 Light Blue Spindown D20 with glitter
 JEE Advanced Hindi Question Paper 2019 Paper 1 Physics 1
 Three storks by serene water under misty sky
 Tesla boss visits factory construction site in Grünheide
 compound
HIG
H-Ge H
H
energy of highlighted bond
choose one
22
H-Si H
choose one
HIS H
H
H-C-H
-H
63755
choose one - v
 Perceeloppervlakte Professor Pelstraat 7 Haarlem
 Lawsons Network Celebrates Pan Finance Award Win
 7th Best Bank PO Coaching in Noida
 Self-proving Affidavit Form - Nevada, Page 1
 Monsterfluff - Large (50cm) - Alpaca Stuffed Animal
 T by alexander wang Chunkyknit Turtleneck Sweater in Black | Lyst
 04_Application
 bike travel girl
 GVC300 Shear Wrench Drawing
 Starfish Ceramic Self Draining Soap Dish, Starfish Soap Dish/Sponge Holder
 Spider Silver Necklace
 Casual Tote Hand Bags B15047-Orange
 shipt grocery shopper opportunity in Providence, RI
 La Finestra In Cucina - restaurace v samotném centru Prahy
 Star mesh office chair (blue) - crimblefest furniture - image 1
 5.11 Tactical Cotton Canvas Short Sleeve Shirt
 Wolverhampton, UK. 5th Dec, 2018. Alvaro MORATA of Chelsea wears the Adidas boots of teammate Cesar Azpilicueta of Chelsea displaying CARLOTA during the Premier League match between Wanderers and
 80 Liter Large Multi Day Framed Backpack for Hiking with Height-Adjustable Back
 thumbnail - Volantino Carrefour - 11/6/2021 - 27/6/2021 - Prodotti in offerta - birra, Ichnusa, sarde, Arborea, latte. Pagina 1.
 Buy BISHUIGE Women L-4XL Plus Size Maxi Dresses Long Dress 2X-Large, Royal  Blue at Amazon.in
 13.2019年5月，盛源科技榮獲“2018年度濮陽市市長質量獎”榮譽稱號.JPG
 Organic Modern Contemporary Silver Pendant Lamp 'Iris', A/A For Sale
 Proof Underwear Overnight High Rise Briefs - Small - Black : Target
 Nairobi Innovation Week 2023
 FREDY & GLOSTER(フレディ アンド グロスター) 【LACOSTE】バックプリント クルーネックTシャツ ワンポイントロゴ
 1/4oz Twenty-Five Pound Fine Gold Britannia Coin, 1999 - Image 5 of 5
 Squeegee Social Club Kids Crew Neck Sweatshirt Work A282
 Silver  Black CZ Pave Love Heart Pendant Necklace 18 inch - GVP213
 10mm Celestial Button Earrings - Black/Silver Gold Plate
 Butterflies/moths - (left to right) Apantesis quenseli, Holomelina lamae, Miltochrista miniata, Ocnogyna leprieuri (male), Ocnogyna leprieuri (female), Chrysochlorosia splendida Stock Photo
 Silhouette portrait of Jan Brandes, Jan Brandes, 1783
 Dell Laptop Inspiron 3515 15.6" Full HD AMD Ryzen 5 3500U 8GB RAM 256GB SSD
——————————
## Problem statement:
Reproduce exactly, and with no other material, the lines between those holding "La Finestra In" and "5.11 Tactical Cotton", inclusive.

## Solution to this exercise:
 La Finestra In Cucina - restaurace v samotném centru Prahy
 Star mesh office chair (blue) - crimblefest furniture - image 1
 5.11 Tactical Cotton Canvas Short Sleeve Shirt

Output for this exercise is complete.